Every record in Hudi is uniquely identified by a primary key, which is a pair of record key and partition path where the record belongs to. Using primary keys, Hudi can impose a) partition level uniqueness integrity constraint b) enable fast updates and deletes on records. One should choose the partitioning scheme wisely as it could be a determining factor for your ingestion and query latency. Some use cases do not have a naturally present record key, for ex. log ingestion type of payloads. For these type of use cases, users do not have to specify the record key field explicitly anymore and Hudi can automatically generate record keys (from Hudi version 0.14.0, Hudi can automatically generate record keys if not specified explicitly) that are efficient for compute, storage and read to meet the uniqueness requirements of the primary key.
In general, Hudi supports both partitioned and global indexes. For a dataset with partitioned index(which is most commonly used), each record is uniquely identified by a pair of record key and partition path. But for a dataset with global index, each record is uniquely identified by just the record key. There won’t be any duplicate record keys across partitions.
Key Generators
Hudi provides several key generators out of the box that users can use based on their need, while having a pluggable implementation for users to implement and use their own KeyGenerator. This page goes over all different types of key generators that are readily available to use.
Here is the interface for KeyGenerator in Hudi for your reference.
Before diving into different types of key generators, let’s go over some of the common configs relevant to key generators.
Config Name | Default | Description |
---|---|---|
hoodie.datasource.write.recordkey.field | N/A (Optional) | Record key field. Value to be used as the recordKey component of HoodieKey .
Config Param: RECORDKEY_FIELD_NAME |
hoodie.datasource.write.partitionpath.field | N/A (Optional) | Partition path field. Value to be used at the partitionPath component of HoodieKey. This needs to be specified if a partitioned table is desired. Actual value obtained by invoking .toString()Config Param: PARTITIONPATH_FIELD_NAME |
hoodie.datasource.write.keygenerator.class | N/A (Optional) | Key generator class, that implements org.apache.hudi.keygen.KeyGenerator extract a key out of incoming records.

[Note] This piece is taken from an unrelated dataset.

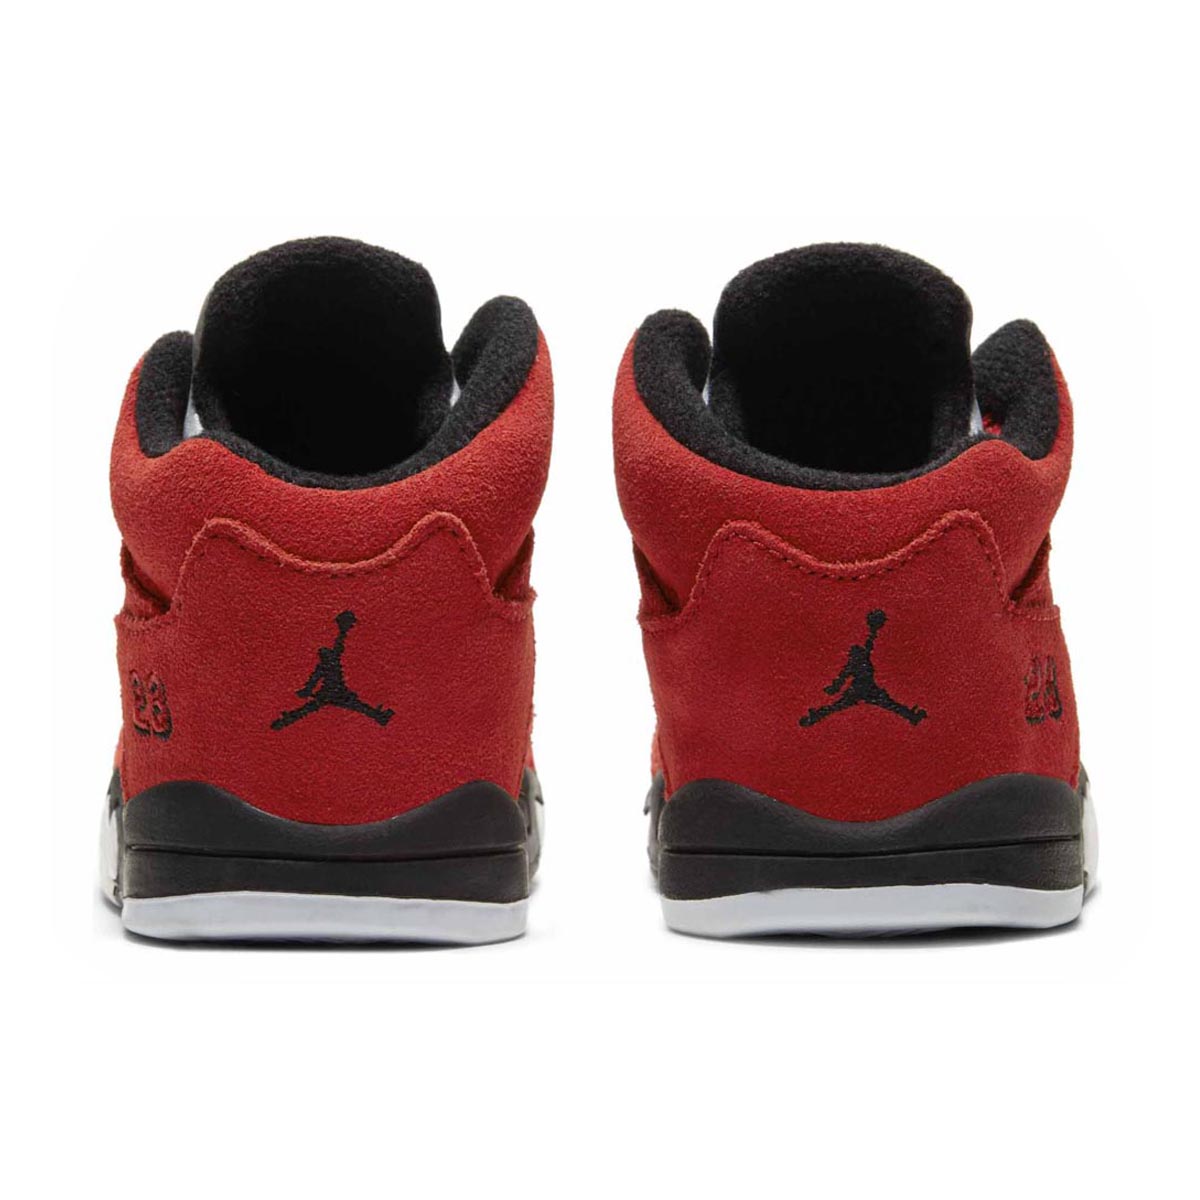 Jordan 5 Retro Infant/Toddler Shoe

Config Param: KEYGENERATOR_CLASS_NAME |
hoodie.datasource.write.hive_style_partitioning | false (Optional) | Flag to indicate whether to use Hive style partitioning. If set true, the names of partition folders follow <partition_column_name>=<partition_value> format. By default false (the names of partition folders are only partition values)Config Param: HIVE_STYLE_PARTITIONING_ENABLE |
hoodie.datasource.write.partitionpath.urlencode | false (Optional) | Should we url encode the partition path value, before creating the folder structure.Config Param: URL_ENCODE_PARTITIONING |
For all advanced configs refer here.
Lets go over different key generators available to be used with Hudi.
SimpleKeyGenerator
Record key refers to one field(column in dataframe) by name and partition path refers to one field (single column in dataframe) by name. This is one of the most commonly used one. Values are interpreted as is from dataframe and converted to string.
ComplexKeyGenerator
Both record key and partition paths comprise one or more than one field by name(combination of multiple fields). Fields
are expected to be comma separated in the config value. For example "Hoodie.datasource.write.recordkey.field" : “col1,col4”

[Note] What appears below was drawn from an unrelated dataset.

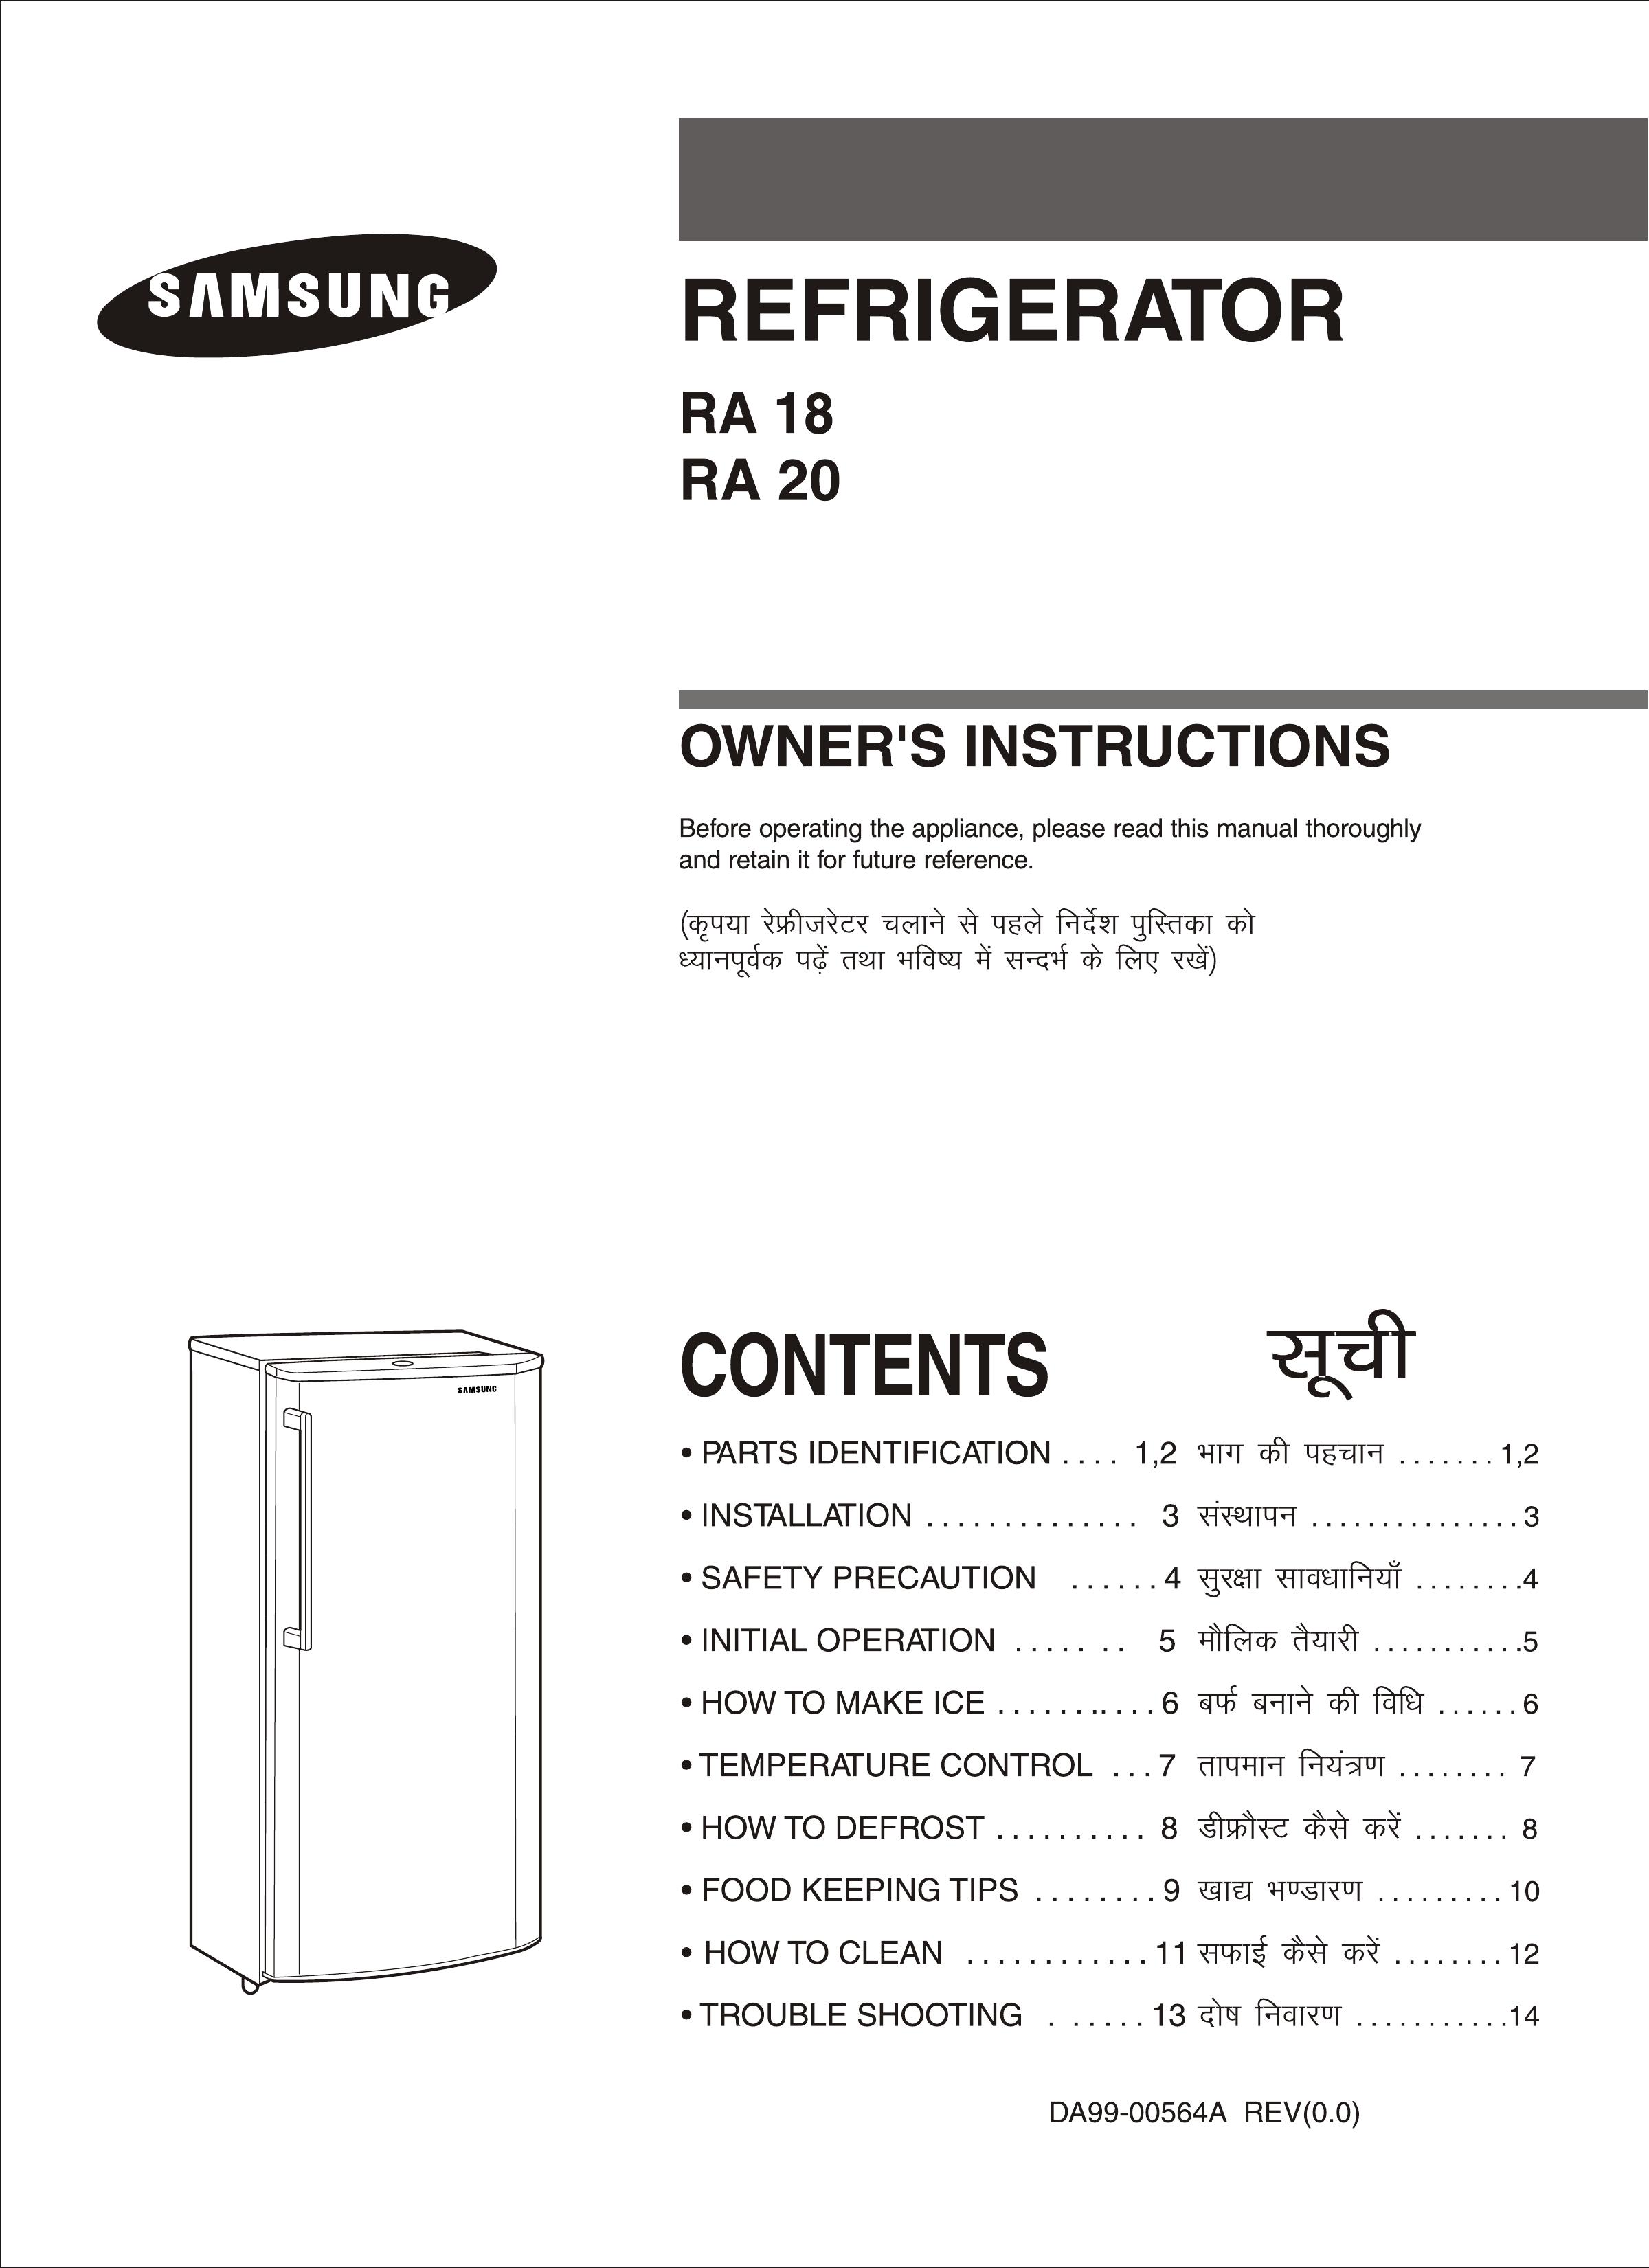 Samsung RA 20 Refrigerator User Manual

NonpartitionedKeyGenerator
If your hudi dataset is not partitioned, you could use this “NonpartitionedKeyGenerator” which will return an empty partition for all records. In other words, all records go to the same partition (which is empty “”)
CustomKeyGenerator
This is a generic implementation of KeyGenerator where users are able to leverage the benefits of SimpleKeyGenerator, ComplexKeyGenerator and TimestampBasedKeyGenerator all at the same time. One can configure record key and partition paths as a single field or a combination of fields.

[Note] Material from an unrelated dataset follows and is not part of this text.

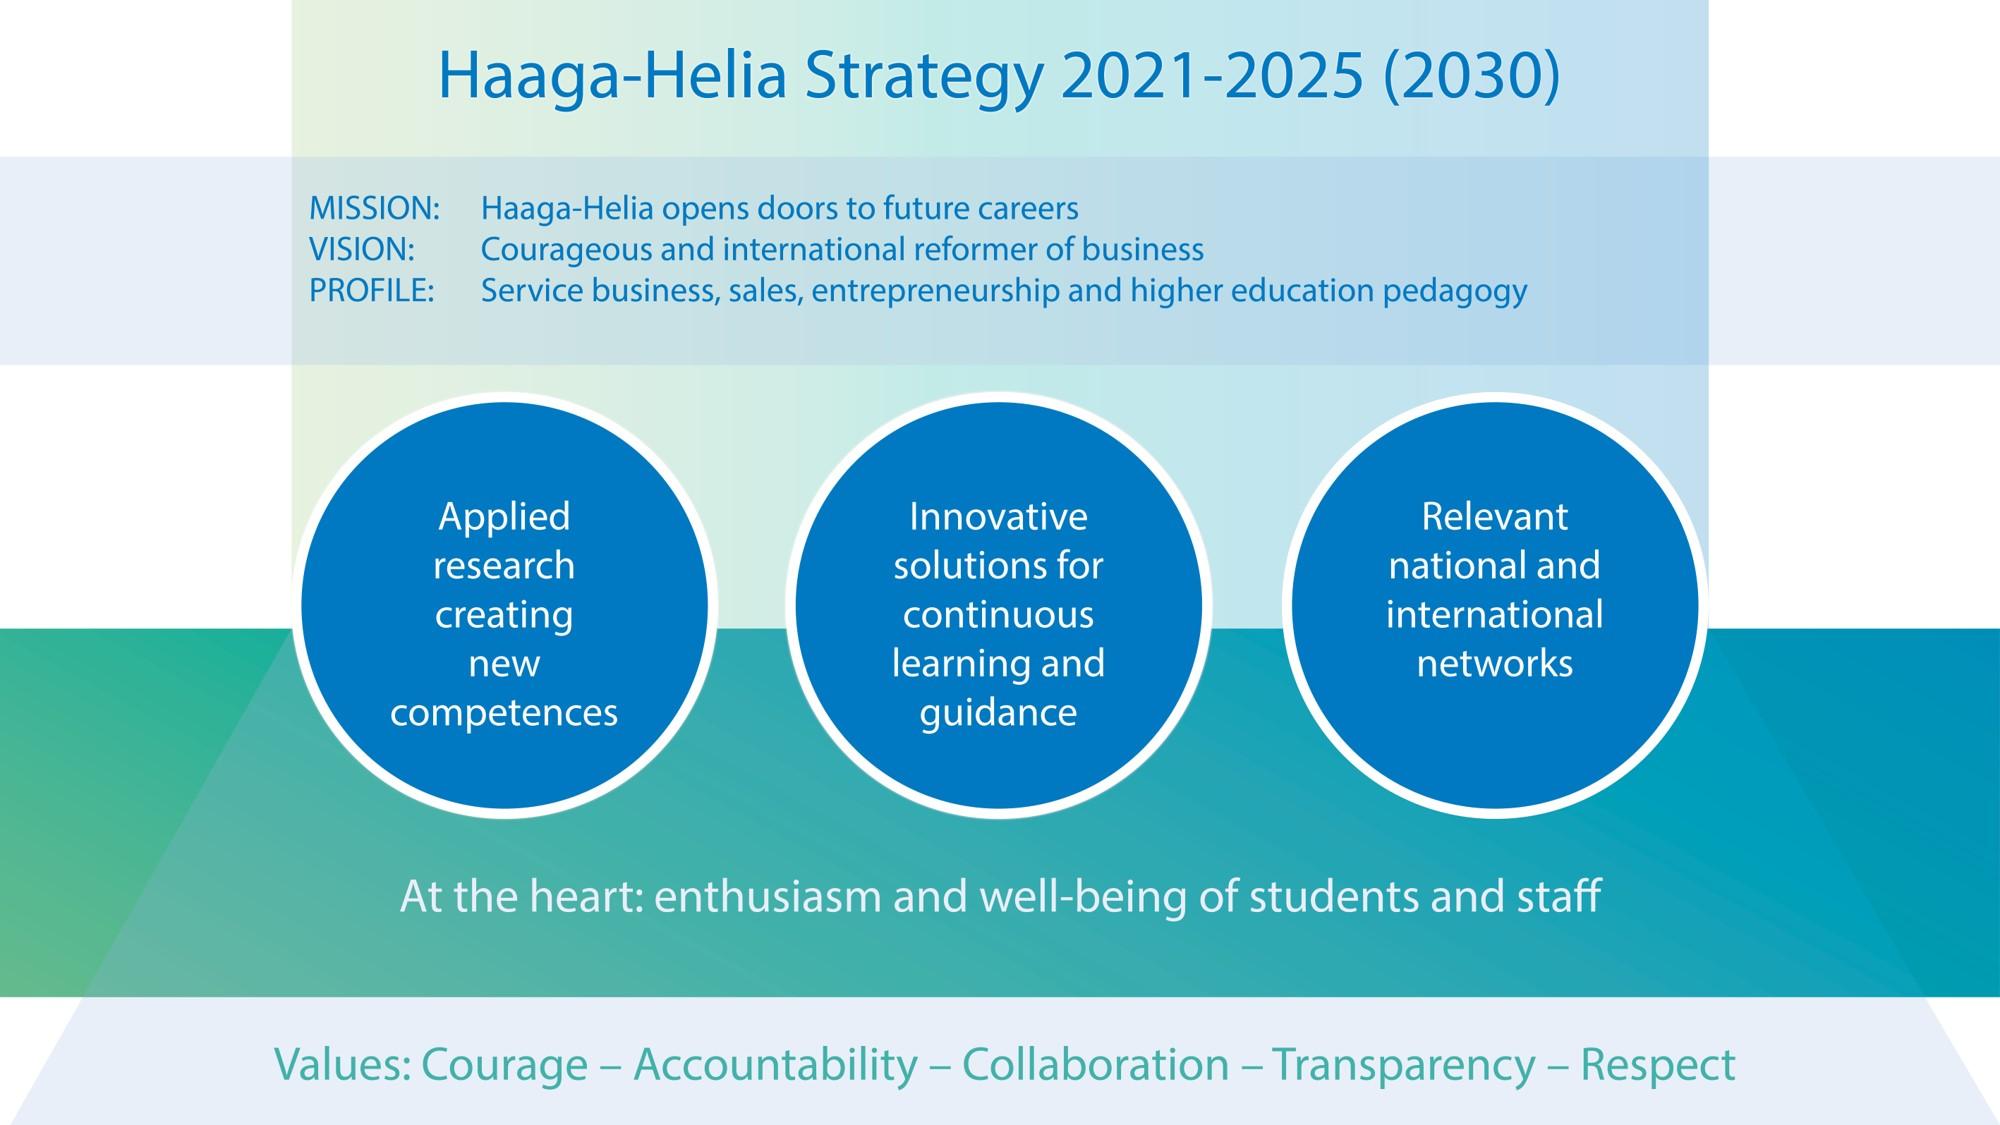 Picture 3. Haaga-Helia's strategy

hoodie.datasource.write.recordkey.field
hoodie.datasource.write.partitionpath.field
hoodie.datasource.write.keygenerator.class=org.apache.hudi.keygen.CustomKeyGenerator
This keyGenerator is particularly useful if you want to define
complex partition paths involving regular fields and timestamp based fields. It expects value for prop "hoodie.datasource.write.partitionpath.field"
in a specific format. The format should be “field1:PartitionKeyType1,field2:PartitionKeyType2…”
The complete partition path is created as
<value for field1 basis PartitionKeyType1>/<value for field2 basis PartitionKeyType2>
and so on. Each partition key type could either be SIMPLE or TIMESTAMP.
Example config value: “field_3:simple,field_5:timestamp”
RecordKey config value is either single field incase of SimpleKeyGenerator or a comma separate field names if referring to ComplexKeyGenerator. Example:
hoodie.datasource.write.recordkey.field=field1,field2
This will create your record key in the format field1:value1,field2:value2
and so on, otherwise you can specify only one field in case of simple record keys. CustomKeyGenerator
class defines an enum PartitionKeyType
for configuring partition paths. It can take two possible values - SIMPLE and TIMESTAMP.
The value for hoodie.datasource.write.partitionpath.field
property in case of partitioned tables needs to be provided in the format field1:PartitionKeyType1,field2:PartitionKeyType2
and so on. For example, if you want to create partition path using 2 fields country
and date
where the latter has timestamp based values and needs to be customised in a given format, you can specify the following
hoodie.datasource.write.partitionpath.field=country:SIMPLE,date:TIMESTAMP
This will create the partition path in the format <country_name>/<date>
or country=<country_name>/date=<date>
depending on whether you want hive style partitioning or not.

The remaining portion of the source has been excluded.